Google’s New Years Resolution: FTC Settles with Google After Two-Year Antitrust Investigation

The FTC recently dropped its two-year antitrust investigation of Google after the company voluntarily committed to license certain patents to mobile rivals, and upon request, stop “scraping,” which is the practice of including snippets of information from other websites in its search results. Google has already started to cut back on its use of “scraping” after Yelp’s complaint, which had helped ignite the FTC’s investigation. Google also promised to allow its advertisers easier movement of advertising campaigns to rival platforms.

Google was investigated on allegations that it was abusing its dominance in internet search through methods such as tying, exclusive dealings, deceptive practices, monopoly pricing, and privacy abuse. These accusations, if proven, violate section 1 and 2 of the Sherman Act and section 5 of the FTC Act. Most of these allegations stemmed from the adoption in 2007 of Google’s Universal Searching (which presents listings from news, video, images, local, and books at the top of the search results) and the merger with Motorola.

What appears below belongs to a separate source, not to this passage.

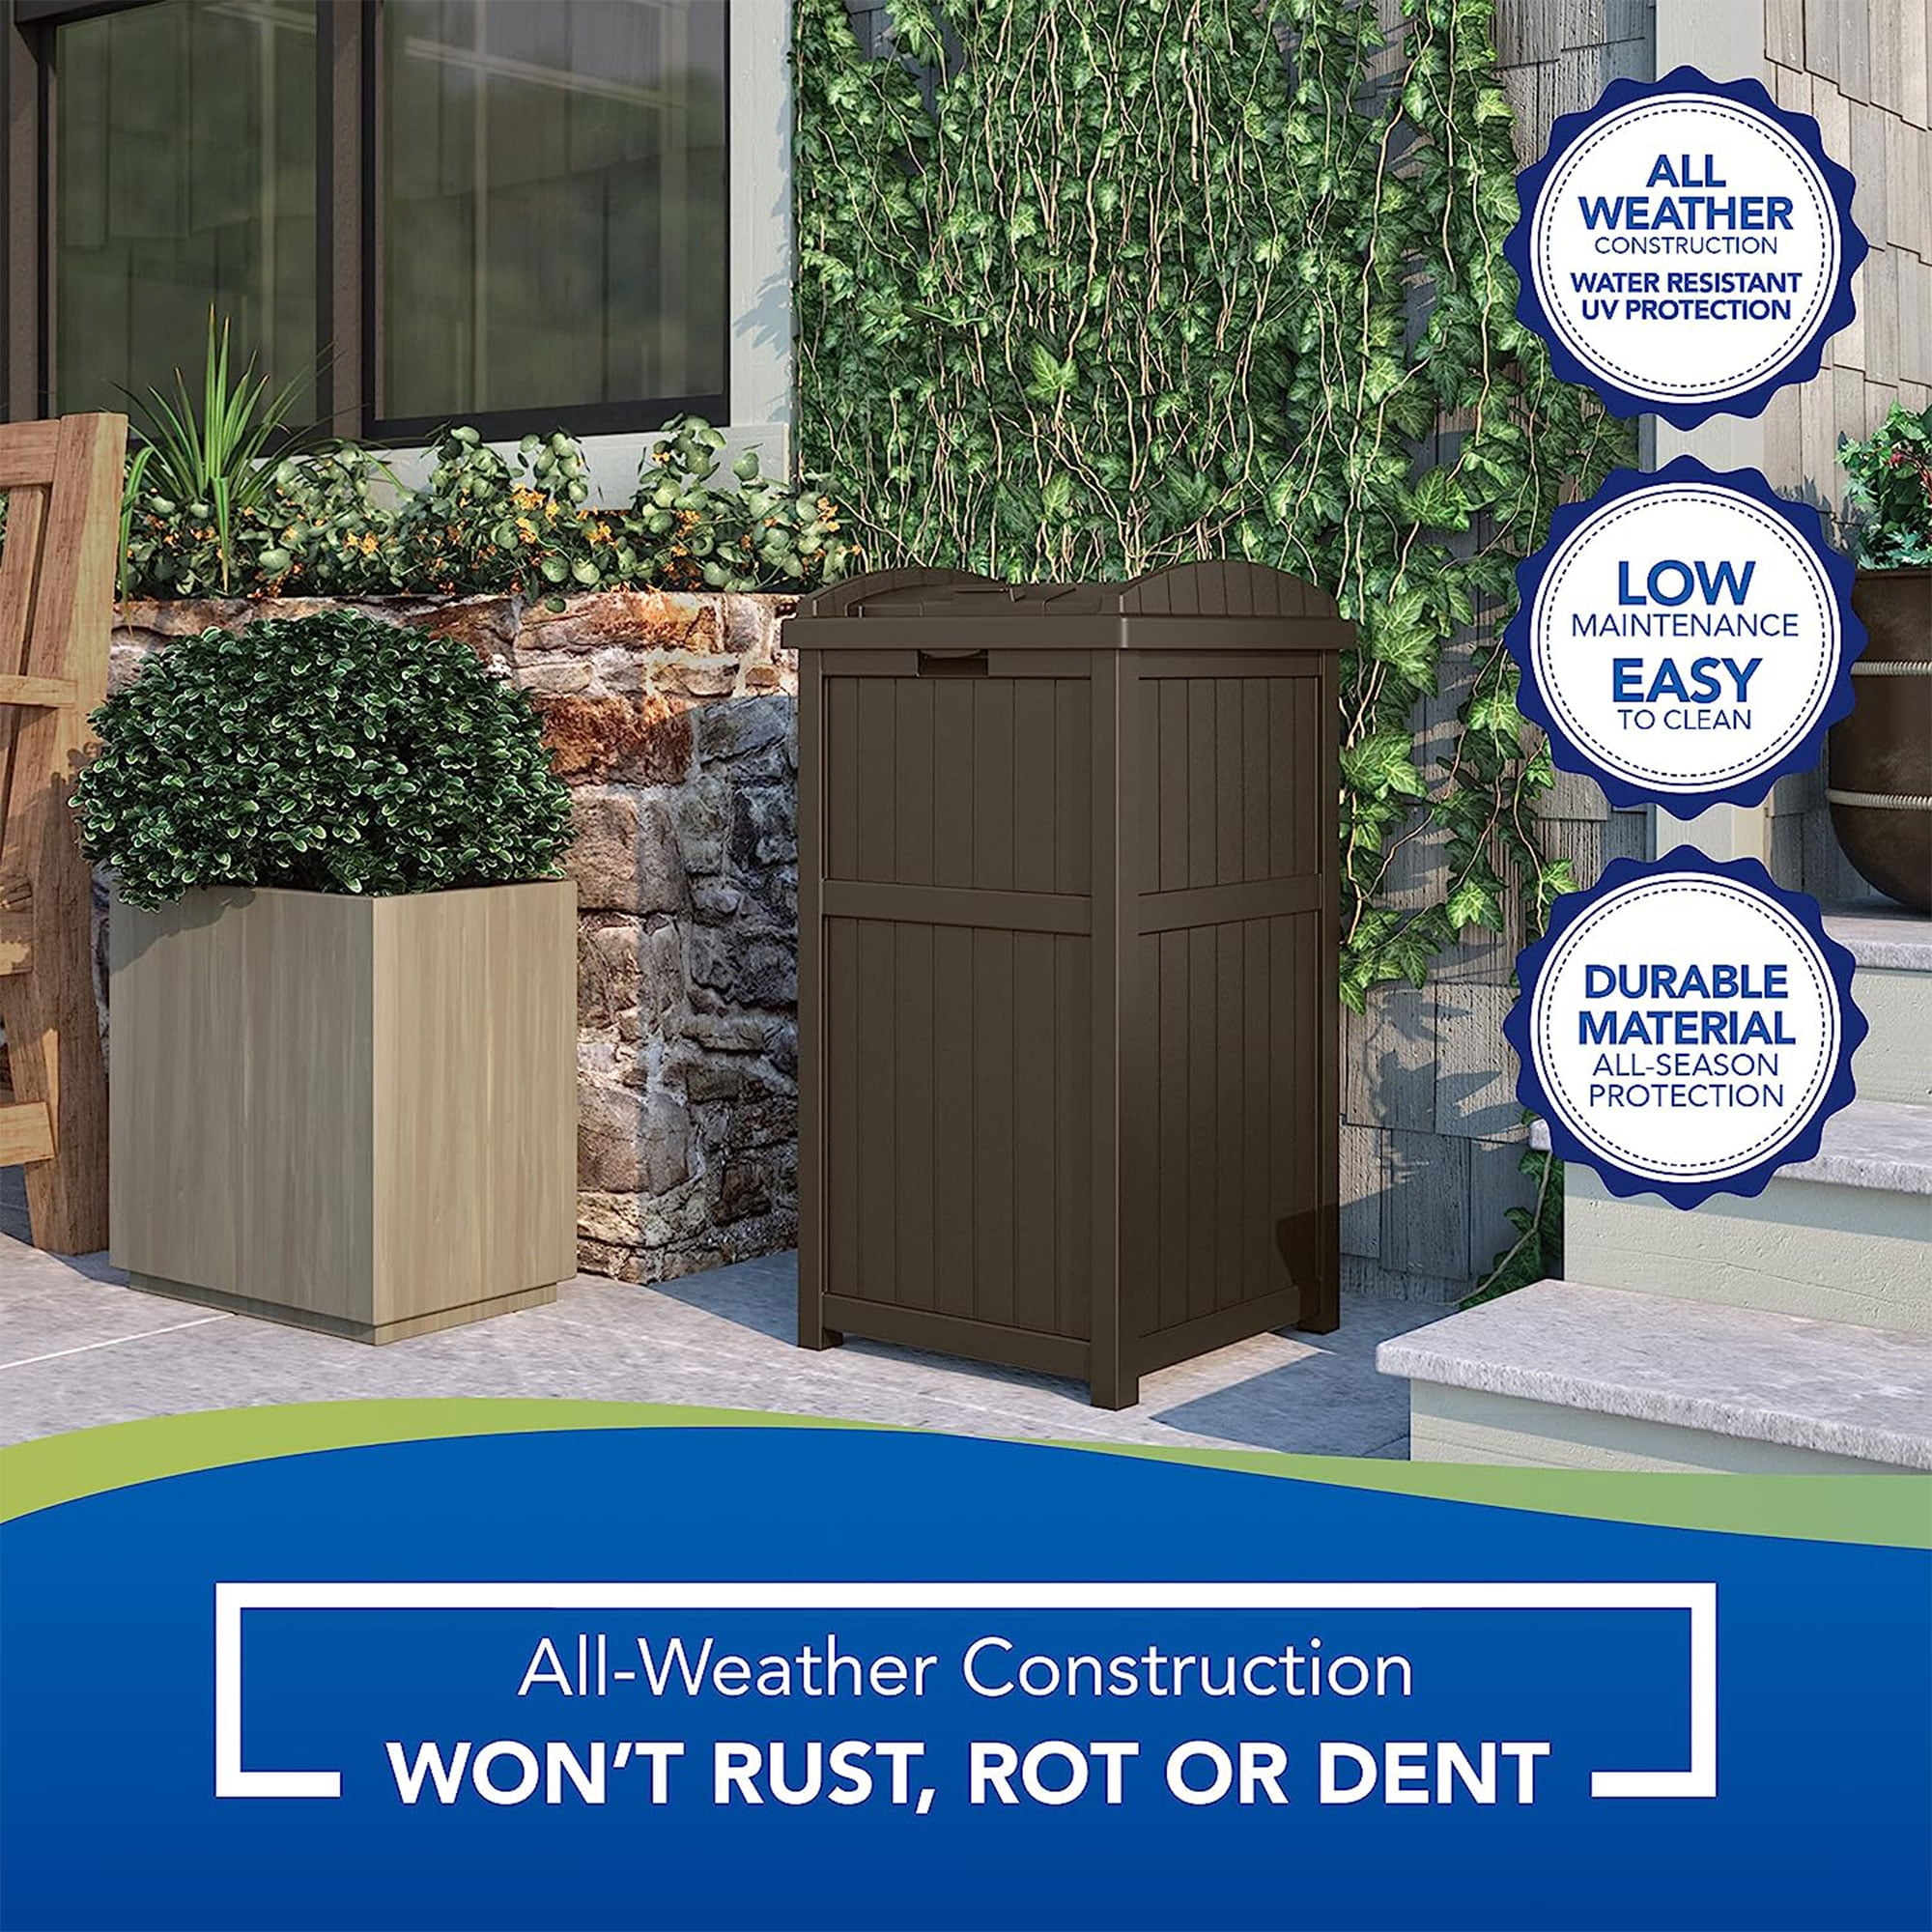 Suncast Plastic Trash Hideaway 30 Gallon Brown Outdoor Trash Can with Lid,  Suitable for Patios, Decks and Backyards

In order to conclude that Google violated the Sherman Act and  FTC Act, it must be proven that Google’s tactics unreasonably restrain competition, either by harming consumers or excluding competition. Google argued that its search engine helps consumers by making search more convenient. Instead of receiving many hits from a search, it will bring up a related article, book, and so forth that shift the search results in a helpful way for consumers. Google also argued that the process would not harm competition because if consumers were looking for a particular company, they could easily find it; the only difference is that the result is further down the list. The FTC ultimately agreed. Regulators also found no evidence that Google unfairly favored its own services in search results.

To settle these allegations that have stemmed from both the transition to Universal Search and the merger with Motorola, Google has voluntarily committed to license certain patents, which would address the concerns with potential violations of Section 1 of the Sherman Act. The company also agreed to stop scraping from other sites and allow easier access to other advertisements, which address potential violations of Section 2 of the Sherman act and Section 5 of the FTC Act.

Unresolved Concerns

Despite the settlement, there are still concerns that the FTC has overlooked major problems. Critics have pointed out that the FTC has failed to address the fact that 78 percent of revenue (and what is estimated to be 85 percent globally) in search advertising is controlled by Google. Critics argue that this qualifies as a monopoly that reduces competition.

Another concern is how the FTC has defined consumers. The FTC found that Google was not in fact harming consumers, but helping them. Some argue that the FTC viewed consumers incorrectly. Although there are no details defining how the FTC measured consumer harm, it is suspected that the FTC defined consumers as those who use Google to search for information rather than the companies who pay for advertisements. Critics argue that had the FTC viewed consumers as the companies who purchase the advertisements, there would have been a different result because it is not, in fact, helpful for businesses that pay for advertisements and get pushed down on the list to accommodate Google’s new practice.

Google and the EU

Although Google’s promise to change its practice has abated the FTC, a spokesman for the European Commission, Michael Jennings, stated, “We have taken note of the FTC decision, but we don’t see that it has any direct implications for our investigation, for our discussions with Google, which are ongoing.” In July, Google sent the European Commission an informal settlement proposal, which they have been reviewing. The EU’s antitrust chief recently gave Google a month to come up with a detailed proposal that would resolve the two-year investigation’s complaints. If Google fails to resolve the complaints and is found guilty, it will be fined ten percent of its revenue, which could amount to $4 billion.